I am getting a 130 gallon tank for my barbs, was wondering if it is possible to put in either a Jack OR a Green terror in with them. I haven't decided which yet.

Some sites say they make good tank mates, and some say cichlid tank mates only, sooooo here I am! Anyone with good or bad experiences with this would be of great help!

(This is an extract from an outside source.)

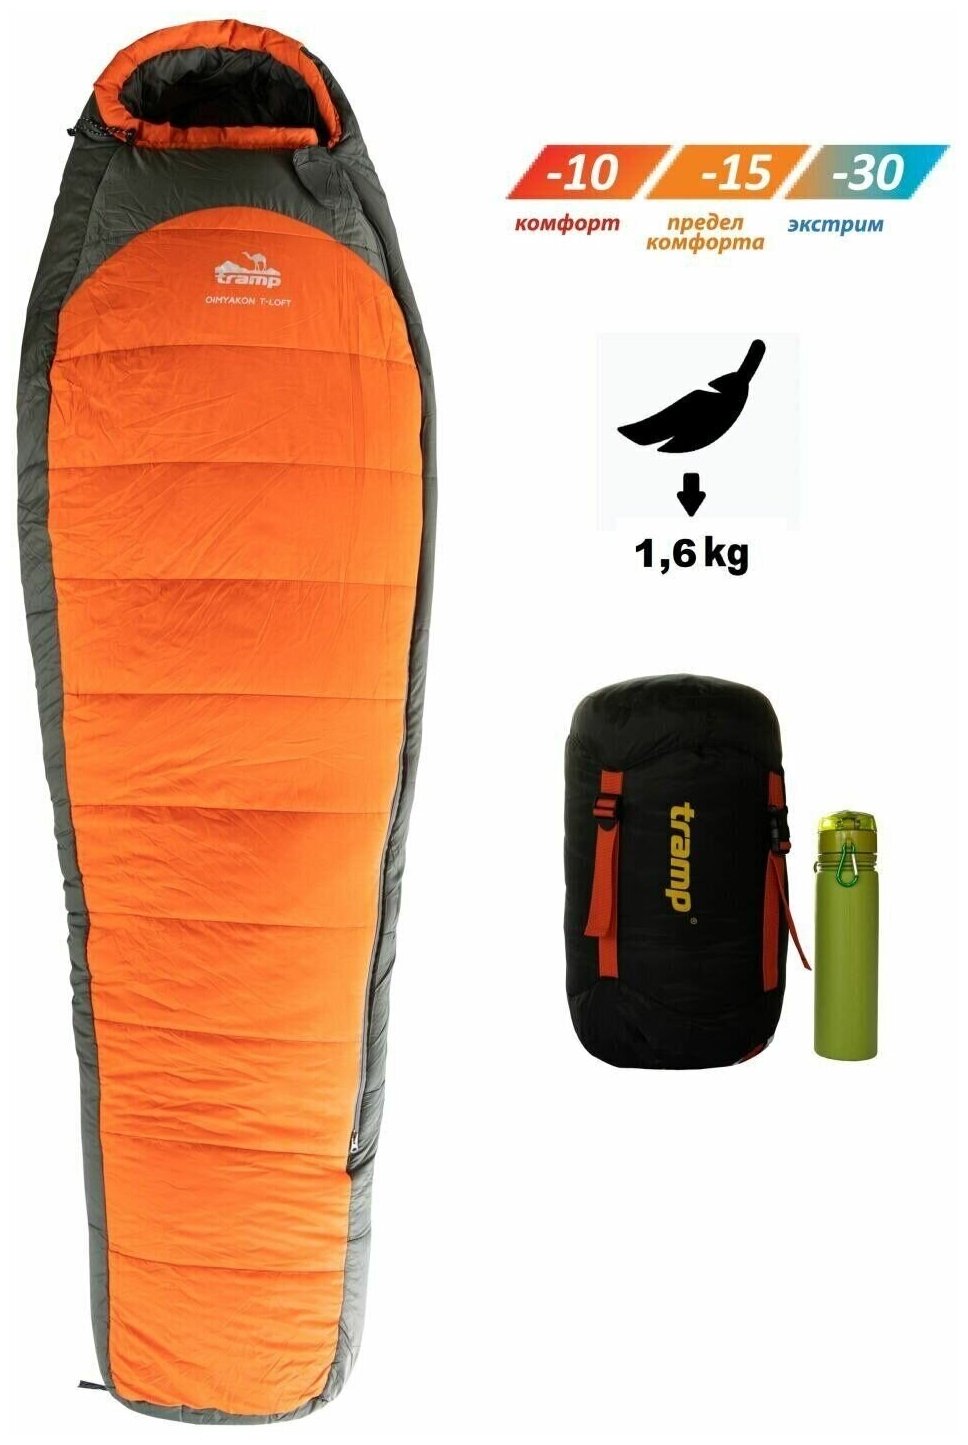 Tramp мешок спальный Oimyakon T-Loft Compact оранжевый левый

I have checked water types for each and all are within the same range as each other.


----------



## TheFishGuy (Apr 21, 2005)

They will be fine together  I've done it a million times... OK, not a million but a lot :lol:


----------



## jazz298 (Oct 14, 2007)

prefect, thank you!

Sooo, can I ask you your opinions on the jacks and green terror? I can't decide which one to get? or which one would be better?


----------



## jack lover (Aug 12, 2008)

get both :roll:


----------



## jazz298 (Oct 14, 2007)

can they co exist? in a 130 gallon tank, with a school of red tailed tinfoils? and forever?...i dont want to have to upgrade to a larger tank

they wont fight? or kill off my foils?


----------



## jack lover (Aug 12, 2008)

no they will get along fine.How many tinfoils?


----------



## jazz298 (Oct 14, 2007)

I have 4 right now, but im getting 3 more from a buddy, so 7 in total. They are red tailed foils so they shouldnt get as big as a tinfoil barb, from what *** read


----------



## TheFishGuy (Apr 21, 2005)

Long term you may have an issue with the GT. Once they hit *" they seem to go nuts. It takes quite some time before they reach the age of insanity, but they will eventually reach it. I would think a small group a jacks would work fine for long term. If they choose to spawn you will have an ongoing tank.


----------



## jazz298 (Oct 14, 2007)

OKay...what about green severums? would they be okay with jacks and/or tinfoils?
I know they get large also, but would that be an okay mix?

Don't jacks get aggressive when they spawn? they wouldnt interfere or become nasty with my tinfoils?

I was thinking 1 jack and 1 severum would be cool?
(my research gets me into more trouble then not. it makes me unable to decide! :lol: )


----------



## TheFishGuy (Apr 21, 2005)

1 jack and 1 severum would be fine


----------